Path With Minimum Effort

Difficulty

Medium

Problem:

You are a hiker preparing for an upcoming hike. You are given heights, a 2D array of size rows x columns, where heights[row][col] represents the height of cell (row, col). You are situated in the top-left cell, (0, 0), and you hope to travel to the bottom-right cell, (rows-1, columns-1) (i.e., 0-indexed). You can move up, down, left, or right, and you wish to find a route that requires the minimum effort.

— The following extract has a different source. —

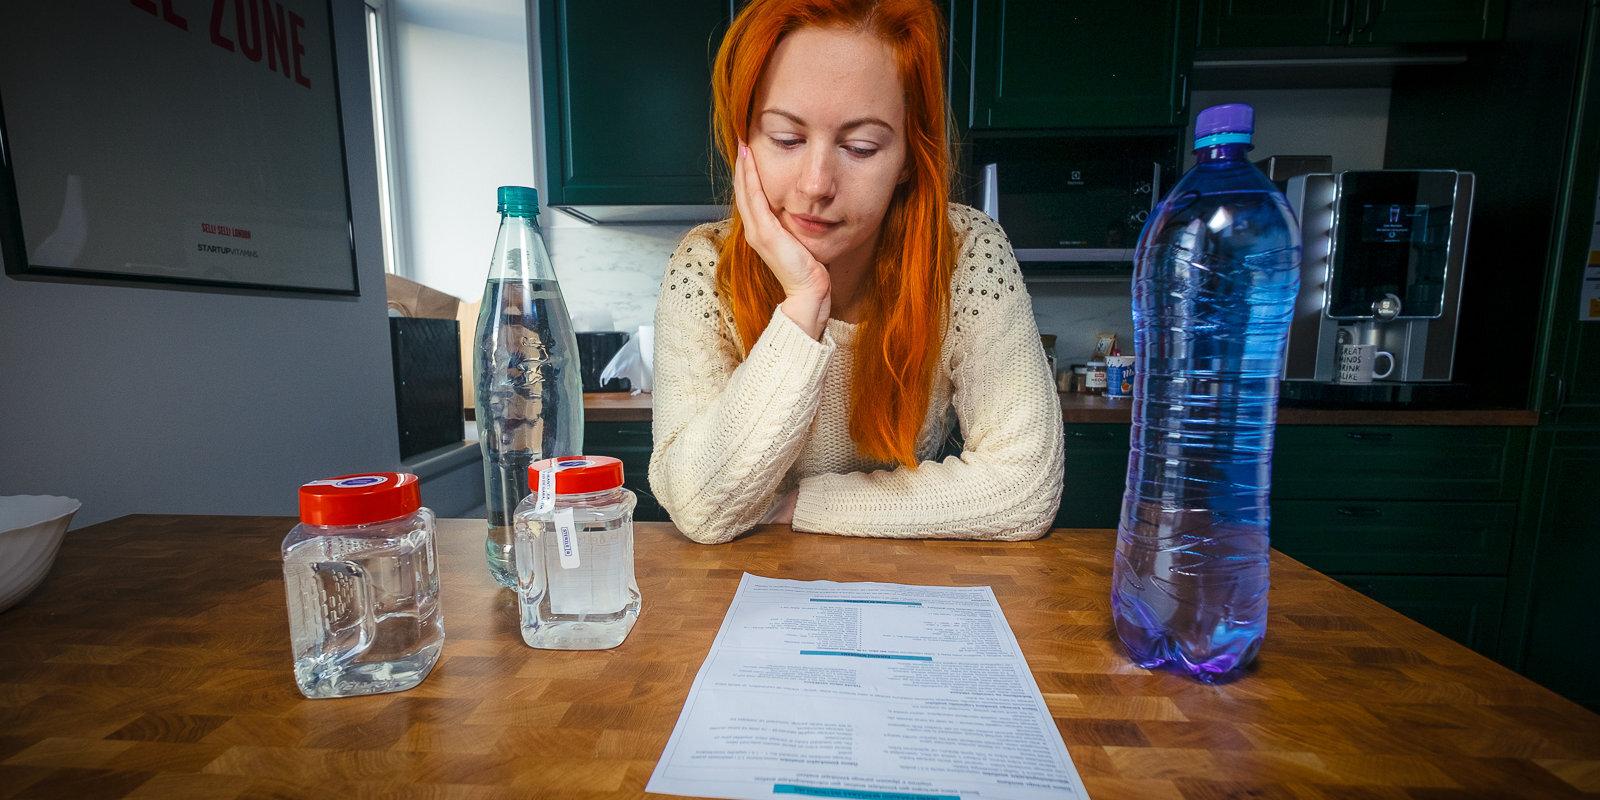 No virtuves krāna vai pudeles – kurš ūdens labāks? Testējam laboratorijā

A route's effort is the maximum absolute difference in heights between two consecutive cells of the route.

Return the minimum effort required to travel from the top-left cell to the bottom-right cell.

Example 1:

Example 1

Input: heights = [[1,2,2],[3,8,2],[5,3,5]]
Output: 2
Explanation: The route of [1,3,5,3,5] has a maximum absolute difference of 2 in consecutive cells.
This is better than the route of [1,2,2,2,5], where the maximum absolute difference is 3.

Example 2:

Example 2

Input: heights = [[1,2,3],[3,8,4],[5,3,5]]
Output: 1
Explanation: The route of [1,2,3,4,5] has a maximum absolute difference of 1 in consecutive cells, which is better than route [1,3,5,3,5].

Example 3:

Example 3

Input: heights = [[1,2,1,1,1],[1,2,1,2,1],[1,2,1,2,1],[1,2,1,2,1],[1,1,1,2,1]]
Output: 0
Explanation: This route does not require any effort.

Constraints

rows == heights.length

columns == heights[i].length

1 <= rows, columns <= 100

1 <= heights[i][j] <= 106

Solutions (Click to expand)

Explanation

Modified Dijkstra's

The heights grid most resembles an undirected weighted graph:

  1. Any cell be be visited from any of its neighboring cells
  2. Cells are connected by an effort weight that is determined by a the difference in cell values

If our goal is to traverse to the end of the grid using the least weighted path we can use Dijkstra's algorithm. The only modification we need to make is instead of recording the total effort needed to reach a cell, we only need record the max effort encountered to reach that cell.

Structure:

The max efforts for each cell will be recorded in a grid of the same size, all cells will be initialized to MAX_INT

Paths to different will be stored as a custom class Cell, that will contain the i and j indices of the cell to travel to in heights and the effort needed to travel to that cell

A PriorityQueue will contain and sort Cells. Cells will be sorted depending on their effort value.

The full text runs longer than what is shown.